Like everybody, I’ve been trying to figure out how to interpret they weekend shooting of a congresswoman and to understand what it says about us as a people. I can’t do it. So far, I’ve figured out that we have violent people among us and that the internal barriers of civilized society don’t restrain them very effectively. I’ve also figured out that the media are divided into two camps, and that one of those camps is quite certain what caused the event and the other is less certain.

Those who are certain are certain that the spree was caused by or abetted by rhetoric.

Those who are less certain are struggling to come up with explanations.

I find it hard to imagine rhetoric is not part of the problem, having complained for years that the fundamental principle of conservatism is reverence and, therefore, many pop-conservative are betraying the cause.

However, the notion that even pop-conservatives are more aggressive than “liberals” has never been convincing to me. It is true that many conservatives are angry and threatened. This is because they believe, generally, that our constitution is being dishonored, that property rights are threatened (which is another way of saying they feel insecure about the security of their households), that the economy has been ruined by the state that claims to be providing security for us all, and so on.

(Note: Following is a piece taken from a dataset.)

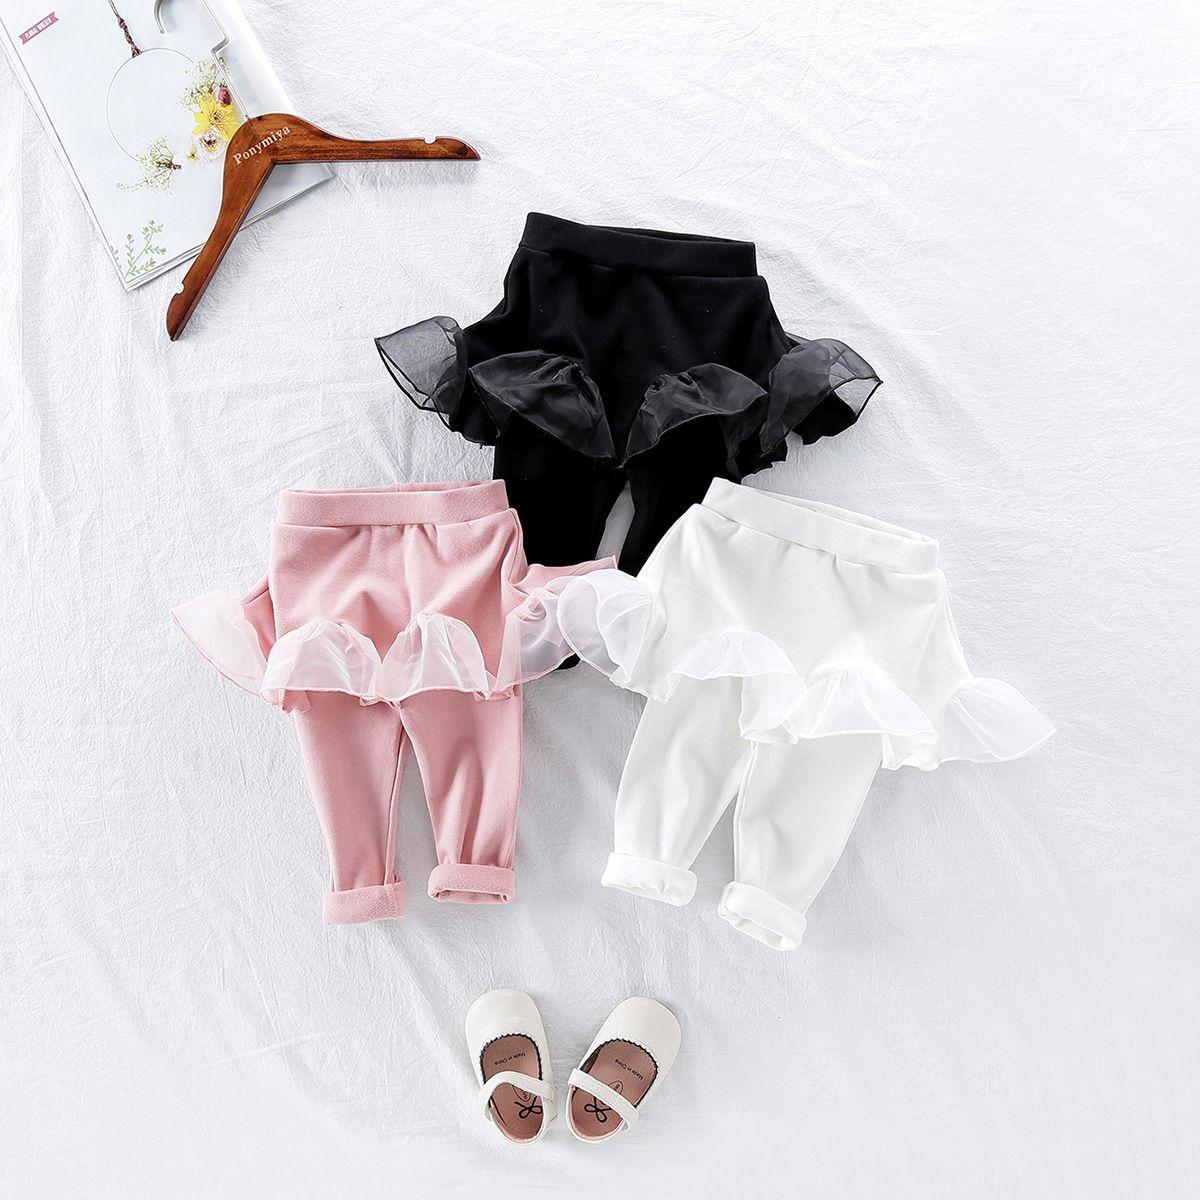 3d8abf7ba1331 Acheter Legging Fille Jupe Pantalon Cake Mesh Jupes Bébé Fille Printemps  Automne Leggings Pantalon Enfant Fille Bottes Pour 1 5 Ans Enfants De   34.21 Du ...

Conservatives are accused of being paranoid. Some are. But most are simply aware of risks to their property and well-being.

Conservatives don’t complain primarily about the rhetoric of the liberals, though they certainly do complain about that. What they are more concerned about is their decisions.

I don’t think it would be overstating the case to say that most conservatives feel like they have been mugged by their leaders and are being scolded for being angry about it.

In turn, a mad killer goes on a rampage in Arizona, kills a conservative judge, a fairly conservative democratic congresswoman, and a child, something no conservative would ever do, and the media ascribes the impulse behind the murders to conservative anger.

If a conservative were to say that the media should stop provoking conservatives or there will be a backlash, he would be seen as fomenting or threatening violence. Think of that. One might yearn for peace and prosperity. But because he expresses an anxiety about what a disrespected, scorned person on the fringes might do, he would be accused of threatening, instead of warning about, violence. I’ve seen this pattern. It is foolish.

If you want to make people afraid of the government, give it so much power that it makes people nervous and interferes with their daily lives. If you want peace, set people free.

But don’t blame peaceful, simple, patriotic people every time something goes wrong with the progressive utopia. I must withhold judgment on Loughner. But Paul Krugman should be fired.

It is time, as much media is saying, to “tone down the political rhetoric.” It is also time to tone down the political aggressiveness of those who want to remake America.